1 is a configuration diagram of an OLED display according to an embodiment.
2 is a configuration circuit diagram of the pixel cell 10 shown in FIG.
3A and 3B are diagrams illustrating a measurement mode period according to the embodiment.
4A and 4B are views for explaining sensing image data according to the first embodiment.
5A and 5B are views for explaining sensing image data according to the second embodiment.
6 is an ELVDD current waveform diagram according to an embodiment.
7 is an ELVDD current waveform diagram according to another embodiment.

Hereinafter, an organic light emitting diode (OLED) display device and a driving method thereof according to an embodiment of the present invention will be described in detail with reference to the accompanying drawings.

1 is a configuration diagram of an OLED display according to an embodiment.
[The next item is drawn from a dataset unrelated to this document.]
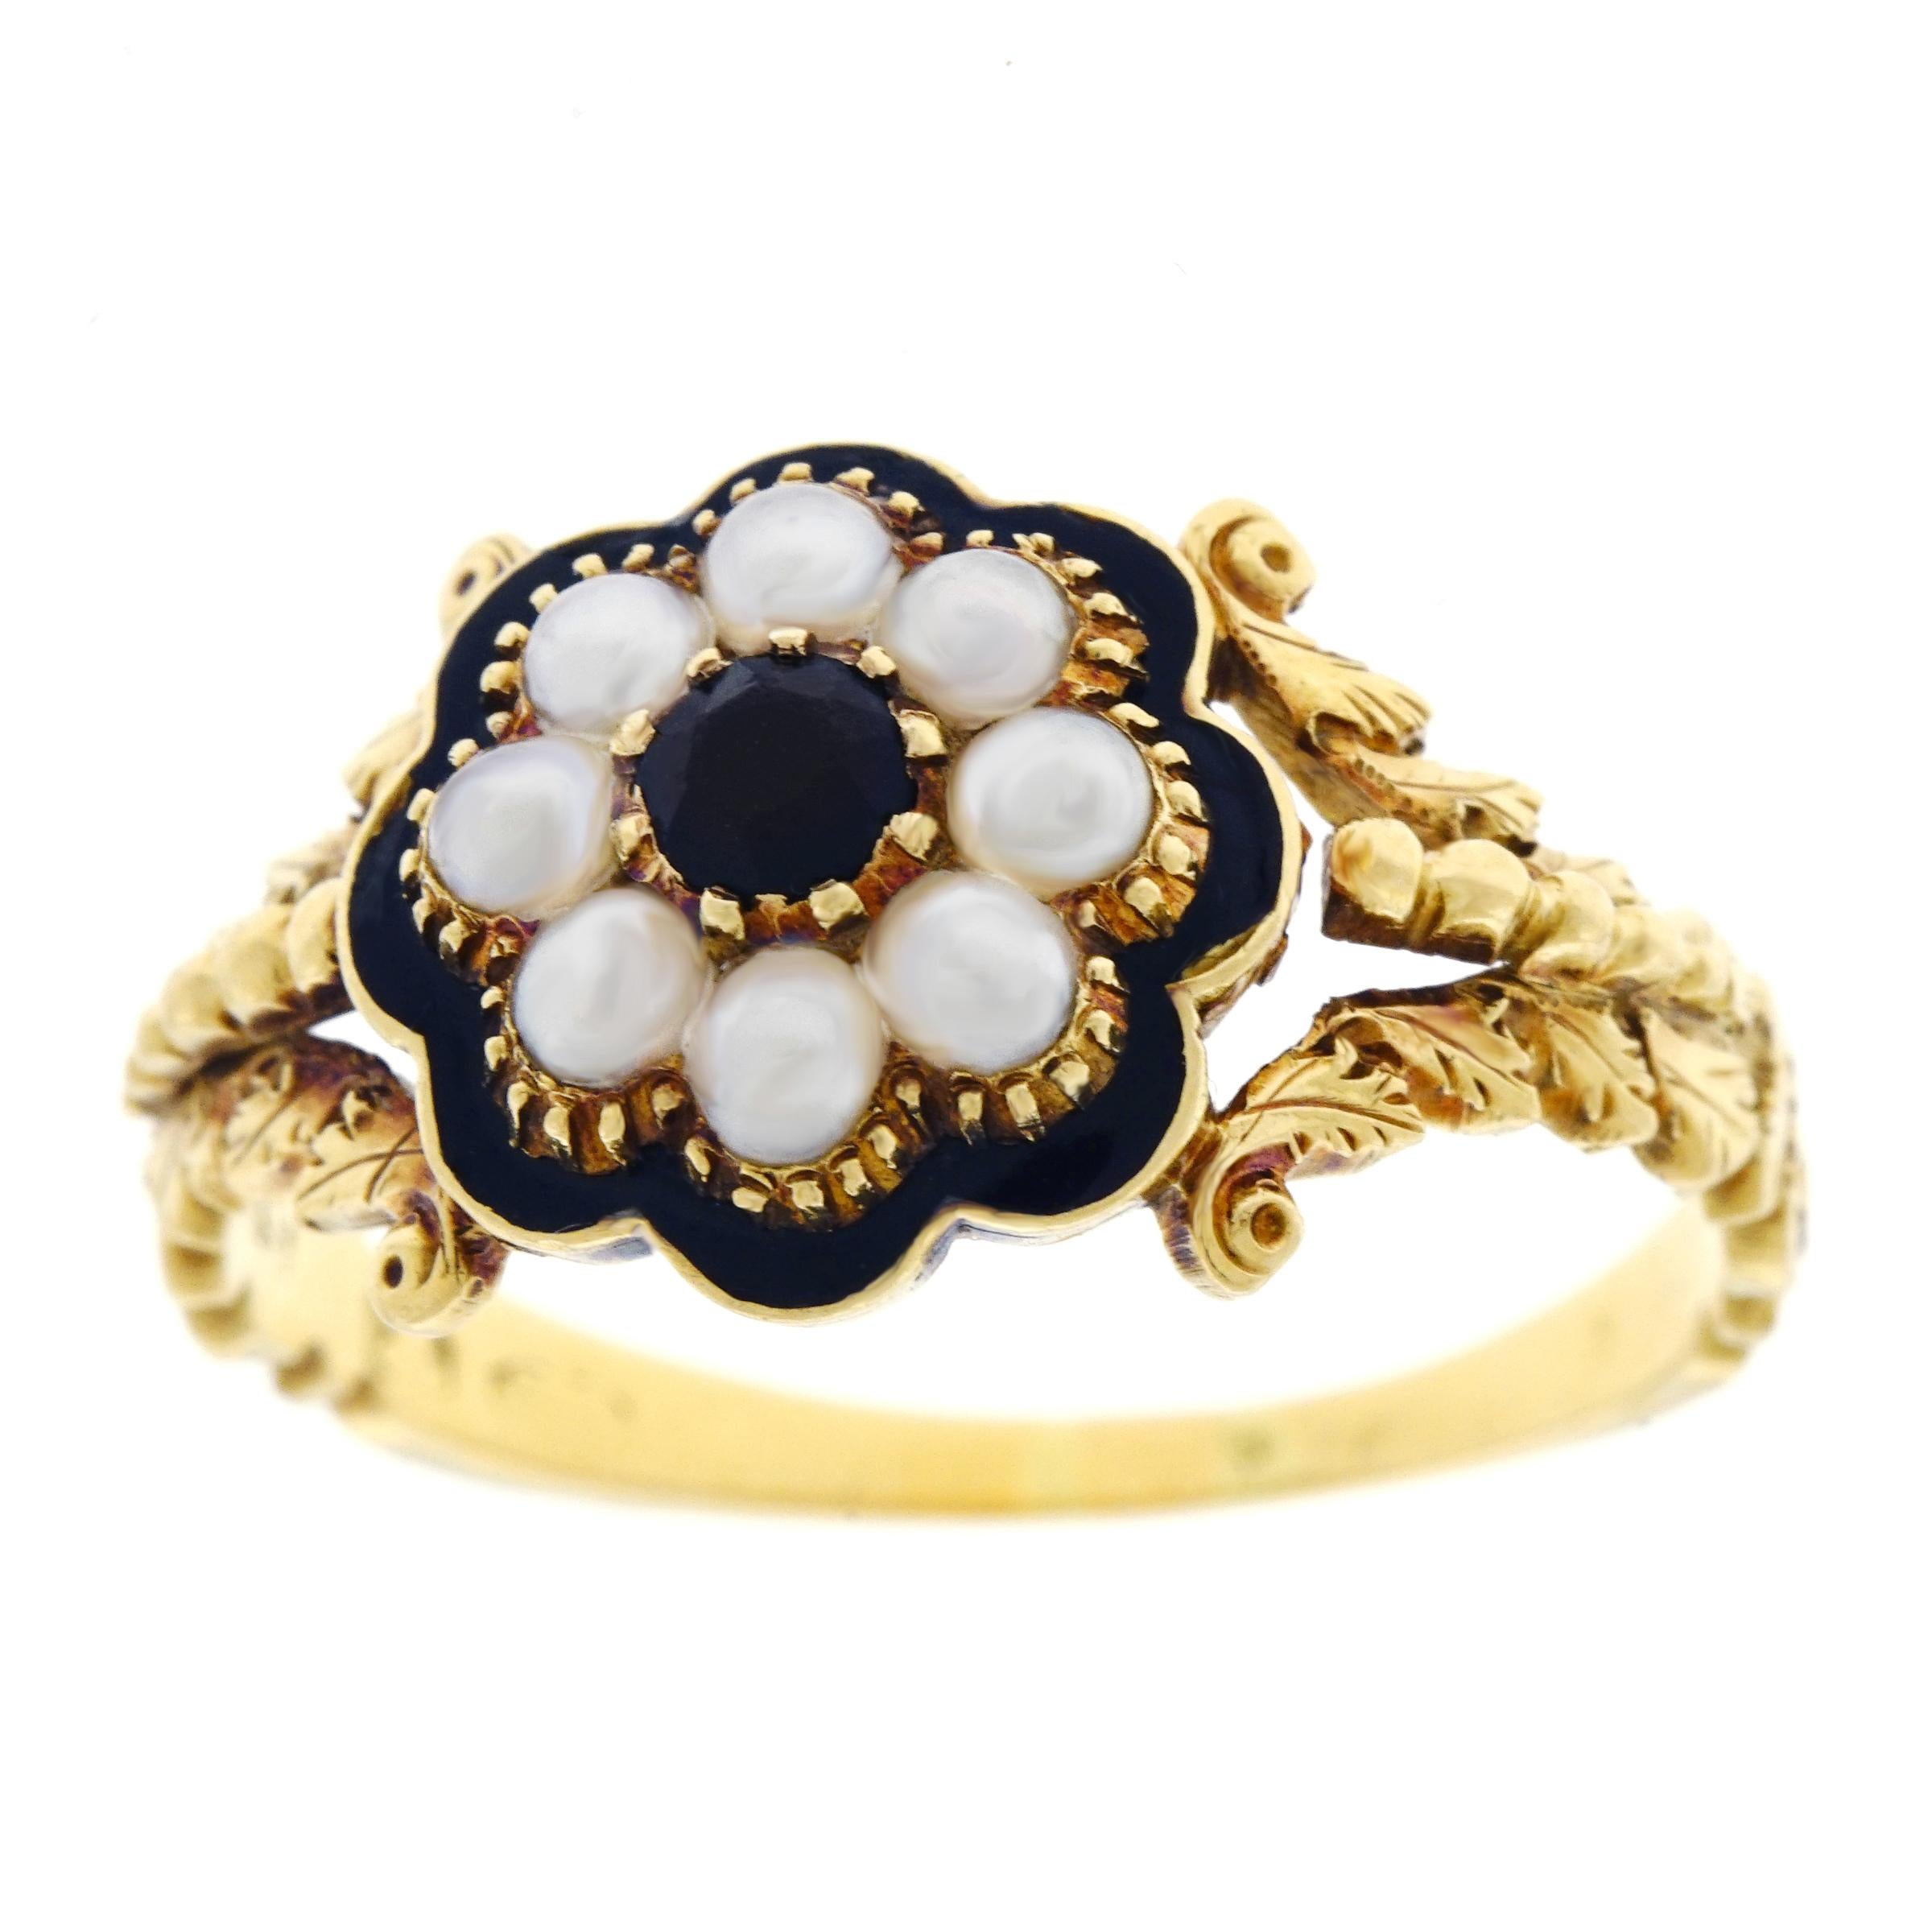 Antique Georgian Natural Pearl, Onyx, and Enamel Gold Ring

And FIG. 2 is a circuit diagram of the pixel cell 10 shown in FIG.

The OLED display device shown in FIG. 1 includes a display panel 2, a data driver 4, a gate driver 6, a timing controller 8, a power supply unit 12, and a detector 14 Respectively. The OLED display device shown in Fig. 1 is divided into a measurement mode for measuring characteristic parameters of each pixel driving circuit 16 and a display mode for normal image display.
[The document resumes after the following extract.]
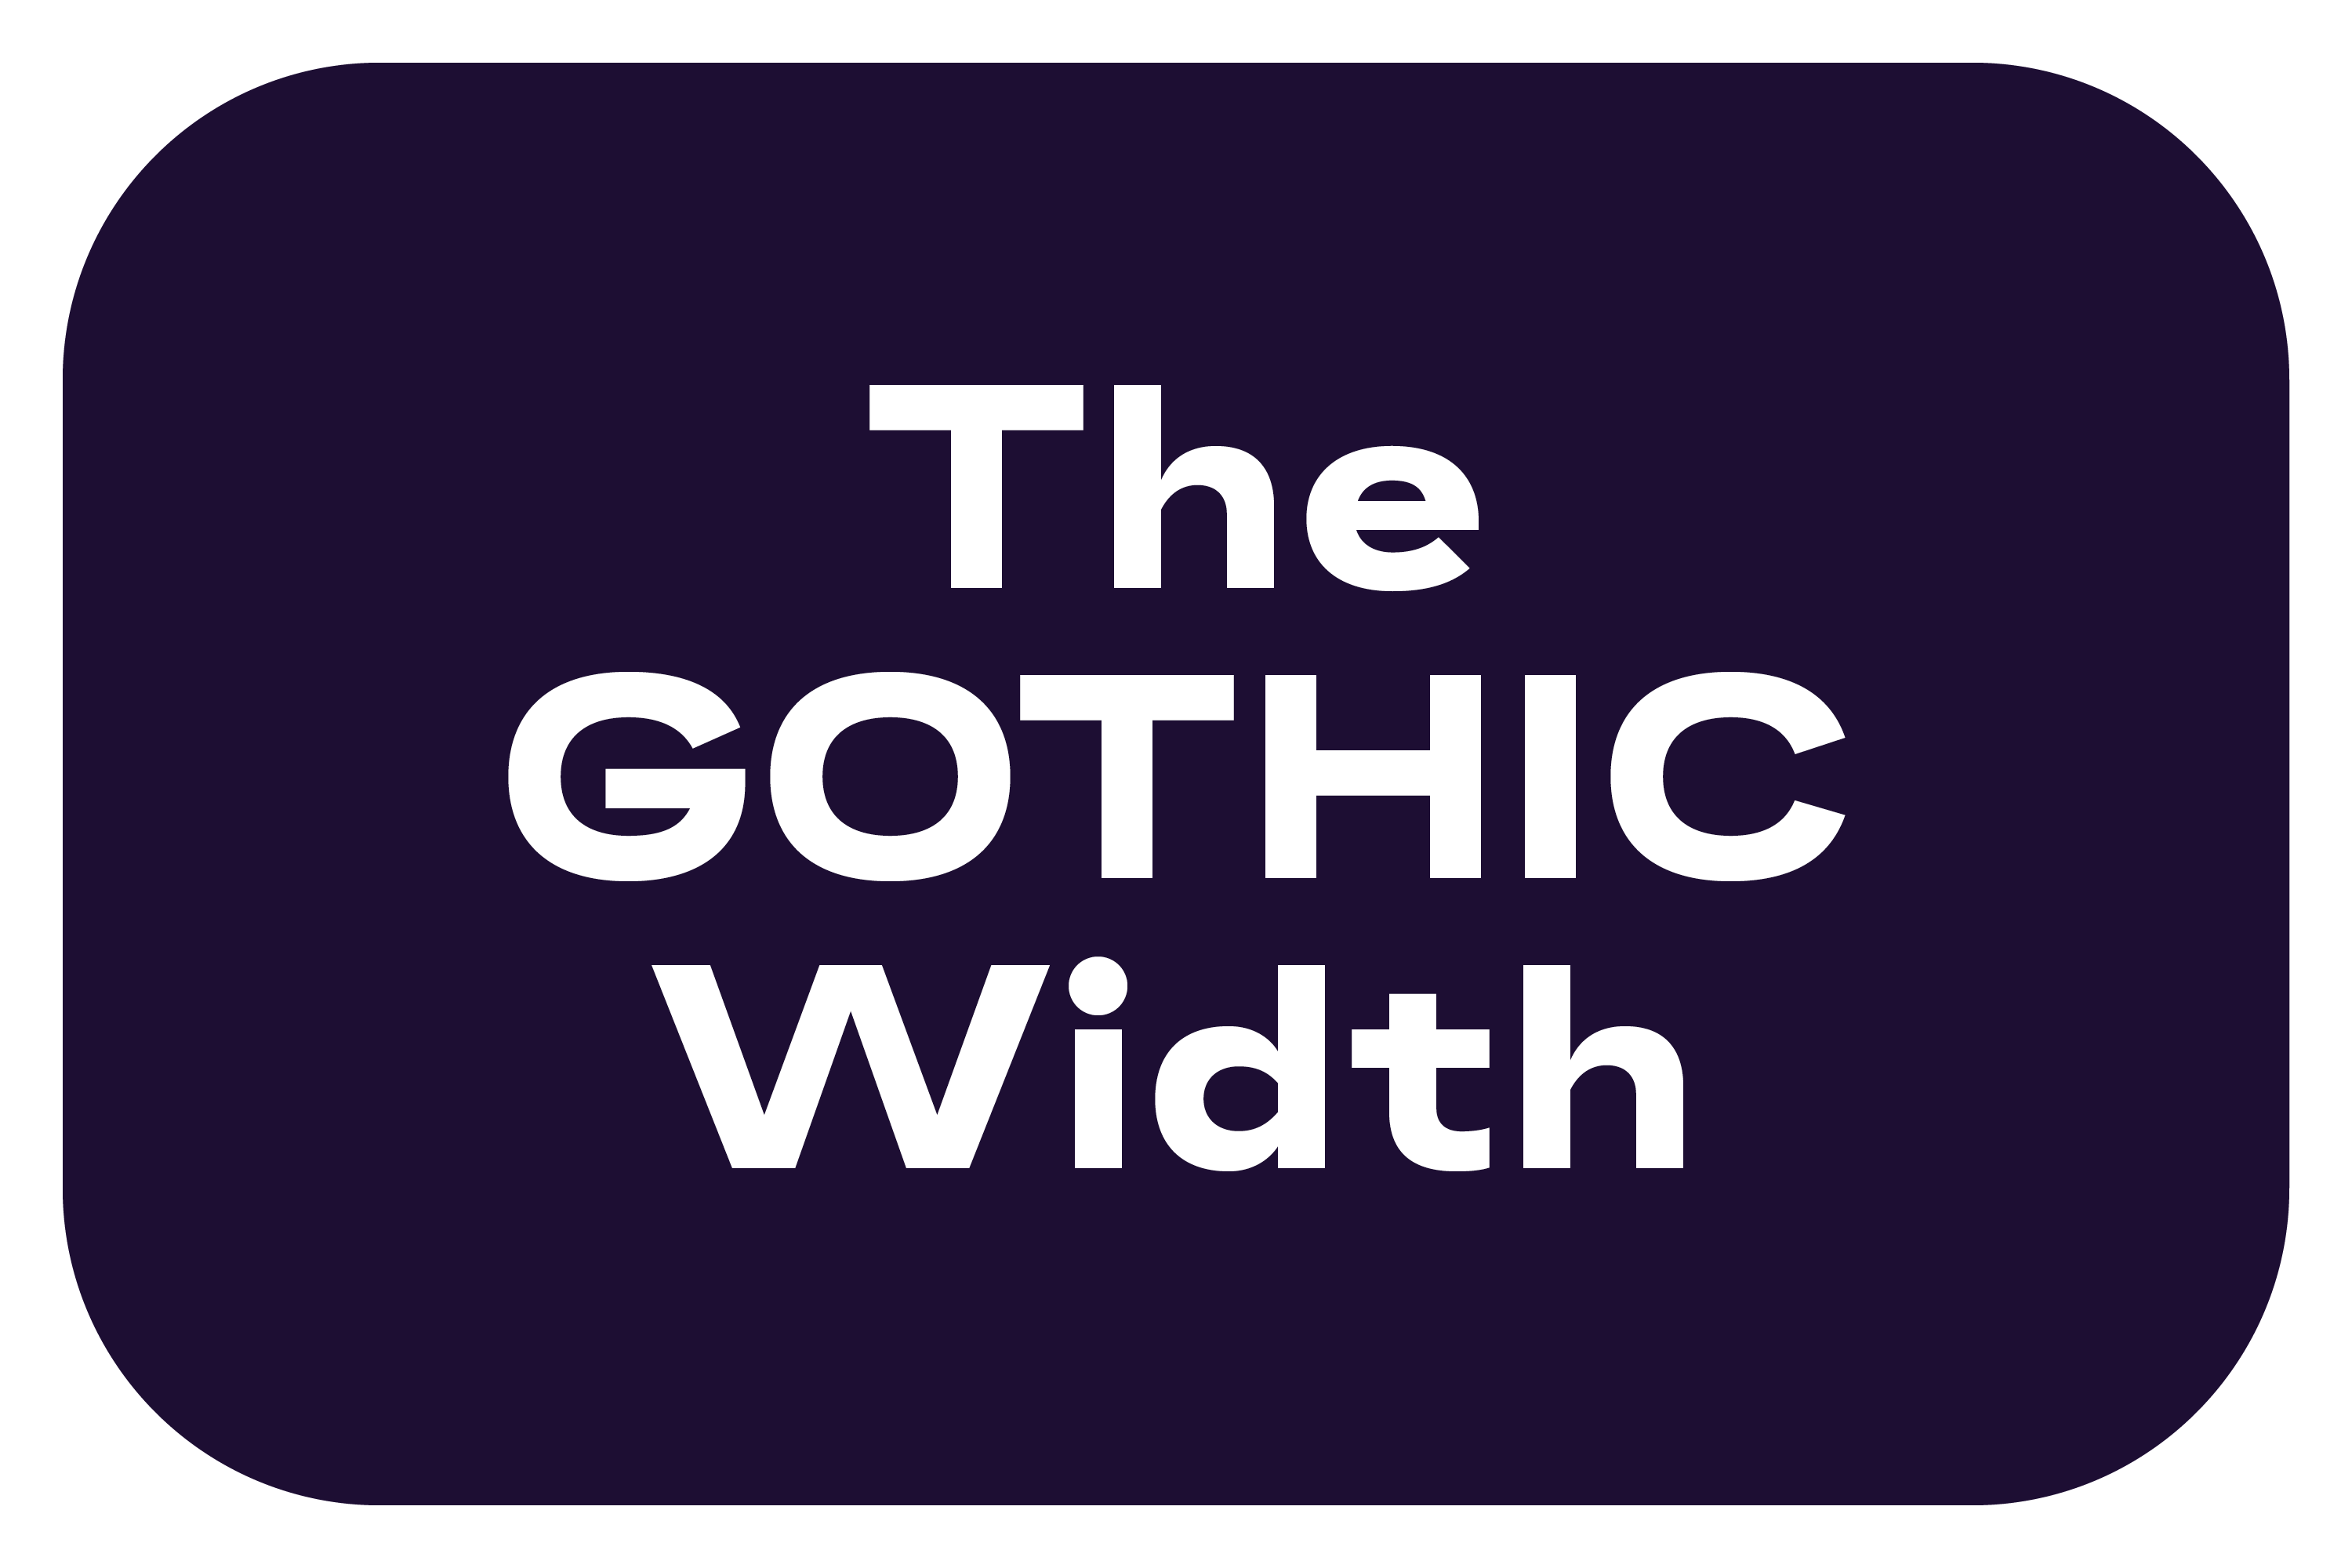 The GOTHIC Width

The display panel 2 includes a plurality of gate lines GL and a plurality of data lines DL. The gate line GL and the data line DL intersect each other to define a pixel region. Each pixel region is provided with a pixel cell 10 connected to a gate line GL and a data line DL. The display panel 2 is further provided with an ELVDD line ELVDDL and a VSS line (not shown) for applying ELVDD and VSS provided from the power supply unit 12 to the pixel cells 10.

Each of the pixel cells 10 receives a data signal supplied from the data line DL in response to a scan pulse supplied from the gate line GL and generates a light corresponding to the data signal. To this end, the pixel cell 10 includes an OLED and a pixel driving circuit 16 for driving the OLED, as shown in Fig.

The anode electrode of the OLED is electrically connected to the pixel driving circuit 16, and the cathode electrode is electrically connected to VSS. The OLED emits light in accordance with the current supplied from the pixel driving circuit 16 in accordance with the data signal.

The pixel driving circuit 16 includes a driving TFT T2 for supplying a current corresponding to the data signal to the OLED in accordance with the voltage between the gate electrode and the source electrode and a driving TFT T2 for supplying a current corresponding to the data signal to the data line DL in accordance with the scanning pulse supplied from the gate line GL. A switching TFT T1 connected between the gate and the source of the driving TFT T2 for supplying a voltage corresponding to a data signal supplied from the switching TFT T1 to the gate electrode of the driving TFT T2, And a capacitor Cst for storing the data. 2 is composed of 2T1C (two TFTs and one capacitor), and the TFT is of P type, but this is an example, and the present invention is applicable to various pixel driving circuits for driving an OLED Applicable.

The data driver 4 latches digital image data and sensing image data provided from the timing controller 8, and converts the latched data into a data signal using a gamma voltage. And supplies the converted data signal to the data line DL of the display panel 2. Here, the sensed image data is for sensing the deterioration of the pixel driving circuit 16 of the display panel 2 and the change of the operating characteristic according to the temperature change. The sensing image data according to the sensing image data includes a sensing pattern 18 having a constant luminance. Sensing image data will be described later in detail.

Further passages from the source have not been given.